ABOUT 20 IRONING BOARDS, a broom, family photographs, LED rope lights, a stuffed donkey, a stuffed dog sans the stuffing, and a tall pane of glass are among the myriad objects Aaron Fowler incorporated into a massive assemblage work called “You Deserve It Mama!!” The artist seemingly puts everything into his work, both materially with found objects and emotionally through candid personal narratives. Recently on view at the SCAD Museum of Art, “You Deserve It Mama!!” is a tribute to Fowler’s mother, who was a teen mom and raised the artist and his two younger siblings on her own in St. Louis.

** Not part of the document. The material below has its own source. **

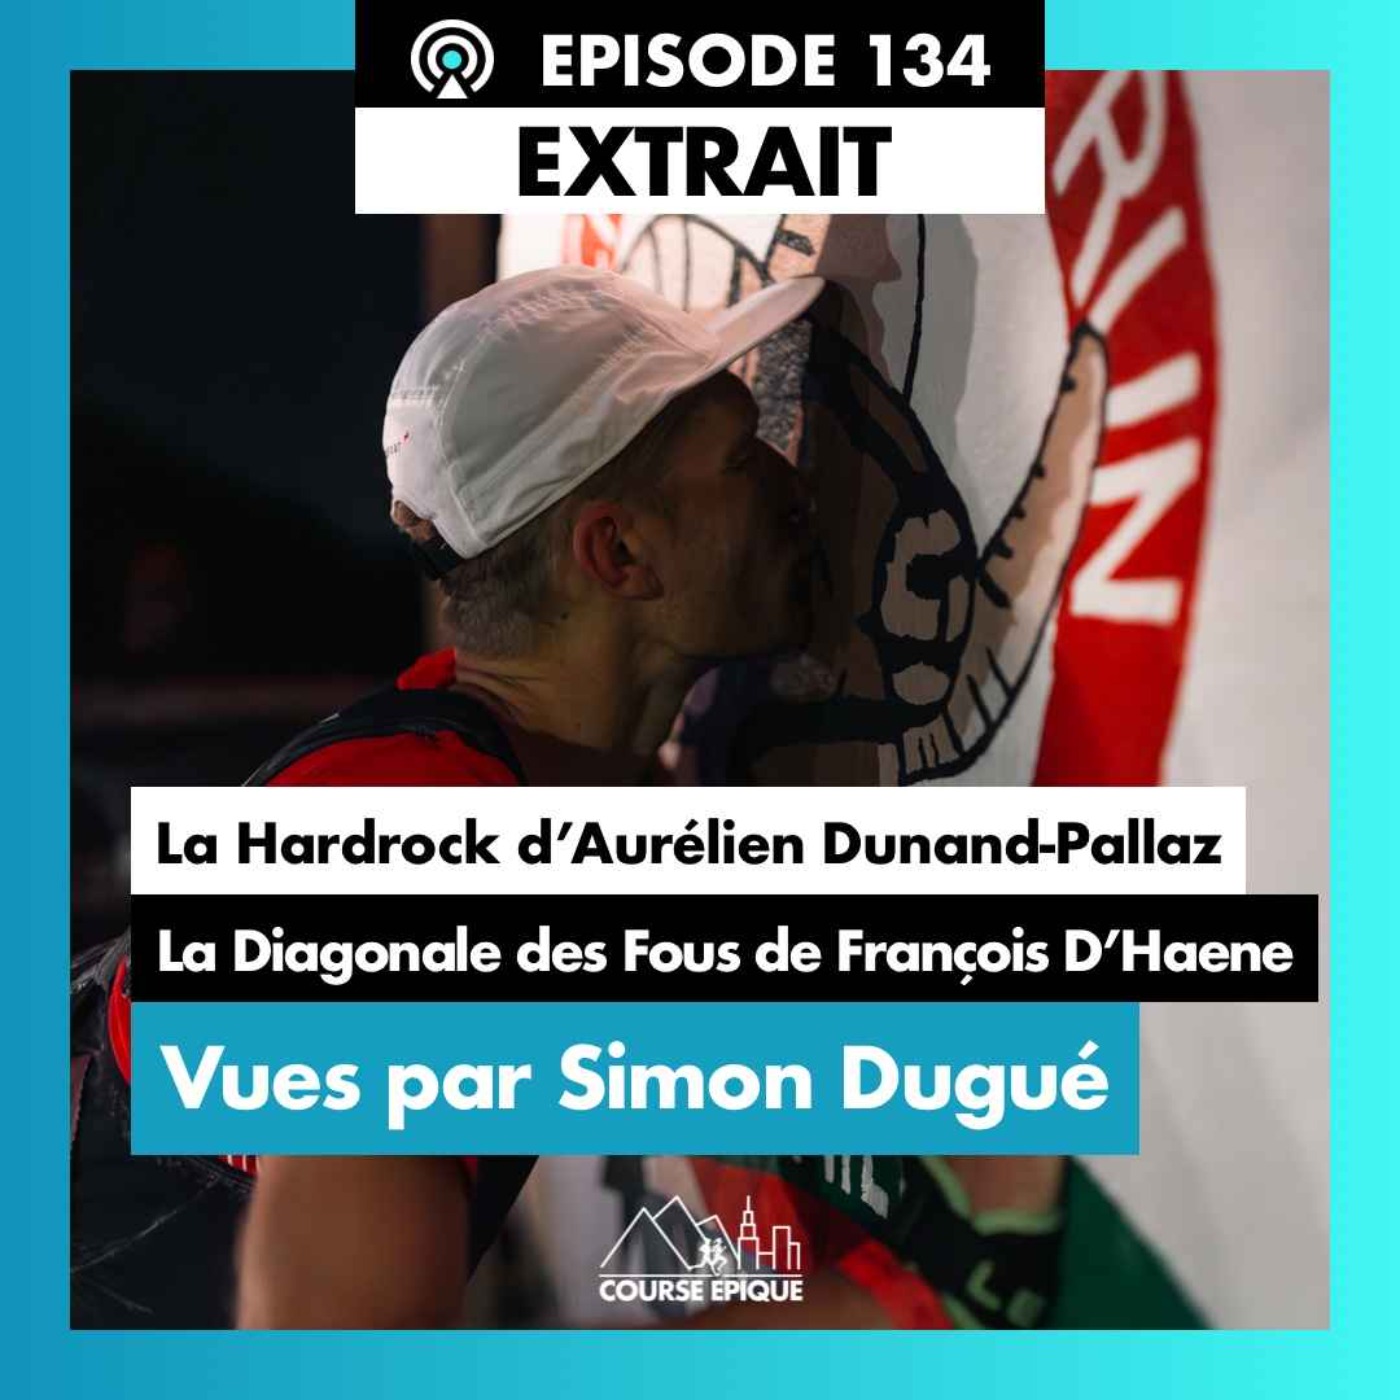 [EXTRAIT] Simon Dugué "La Hardock d'Aurélien Dunand-Pallaz et la Diagonale des Fous de François D'Haene, vues de l'intérieur"

In New York, two assemblage paintings by Fowler are currently on view in the front windows of the New Museum. “Lex Brown Town” (2017) gives reverence to a fellow artist, collaborator, and classmate. Brown and Fowler both earned their MFAs at Yale School of Art. Installed in the left window, his homage to her involves paint tubes, hair weave, Christmas tree trunks, piano keys, CDs, a graduation cap, and a Minions backpack. Fowler’s would-be daughter inspired “Miss Logan” (2017-18) in the adjacent window. The New Museum exhibition, “Aaron Fowler: Bigger Than Me,” is on view through Aug. 19.

“A lot of love goes into my work and its all about my friends and family,” Fowler told me when I spoke to him at SCAD Museum of Art last October.

“A lot of love goes into my work and its all about my friends and family.”
— Aaron Fowler


“Aaron Fowler: Bigger Than Me,” 2018 (From left, “Lex Brown Town” and “Miss Logan,” both 2017). Exhibition view: New Museum, New York. | Photo by Maris Hutchinson / EPW Studio

 

FOWLER, WHO SPLITS HIS TIME between New York and Los Angeles, was one of five contemporary artists commissioned to create a new work of art for the centennial exhibition “Jacob Lawrence: Lines of Influence” at the SCAD Museum of Art. SCAD asked Fowler, Derrick Adams, Meleko Mokgosi, Barbara Earl Thomas, and Hank Willis Thomas, to make works inspired or influenced by Lawrence. Fowler contributed “You Deserve It Mama!!”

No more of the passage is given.